Iontophoresis impact on corneal properties using an ex vivo bovine eye model

Abstract

This study addresses the challenge of low drug bioavailability in topical ocular administration by developing and validating an ex vivo bovine eye model chamber to evaluate the effects of iontophoresis on drug delivery and corneal properties. Transepithelial electrical resistance (TEER) was assessed as a predictor of corneal epithelial integrity in dissected bovine eyes. TEER measurements were correlated with methylene blue permeation, confirming a threshold of 4.2 kOhm·cm2 as an indicator of epithelial integrity. The model chamber enabled the application of drug solutions around a defined area of the cornea without leakage, facilitating the placement of electrodes and the application of constant electric currents. Applying iontophoresis at 2 mA/cm2 for 6 min significantly increased rhodamine B penetration into the cornea by nearly sixfold compared to passive diffusion (approximately 1.3 µg/cm2 vs. 0.24 µg/cm2), allowing detectable drug levels in the aqueous humor (27.9 ± 0.5 ng/mL). Morphological analyses revealed temporary changes in the cornea, including a 2.3-fold increase in surface roughness (from 44.6 nm to 105.3 nm) and mild collagen disorganization in the stroma, while Bowman’s membrane remained intact.
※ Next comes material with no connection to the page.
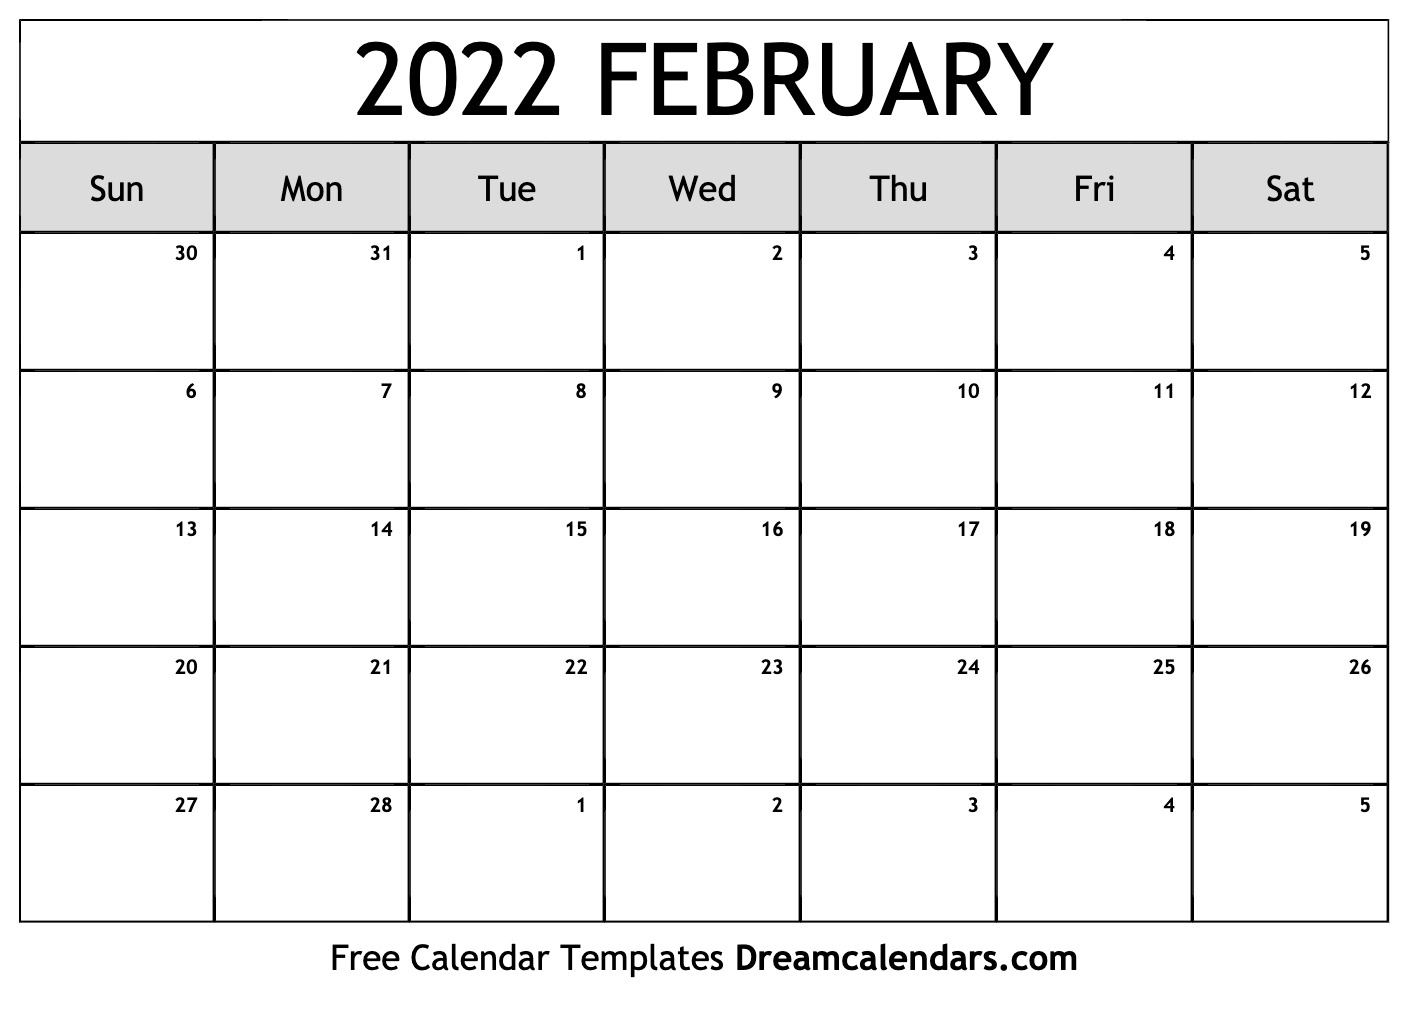 Get February Days 2022 Calendar

A significant increase in corneal stiffness was noted, with a 200 % rise in the area under the stress–strain curve after iontophoresis. These findings provide insights into iontophoresis-induced changes and highlight the model’s potential for optimizing ocular drug delivery systems. Additionally, the model aligns with the 3Rs principles and could be instrumental in advancing the understanding of anterior segment diseases driven by structural and biomechanical alterations.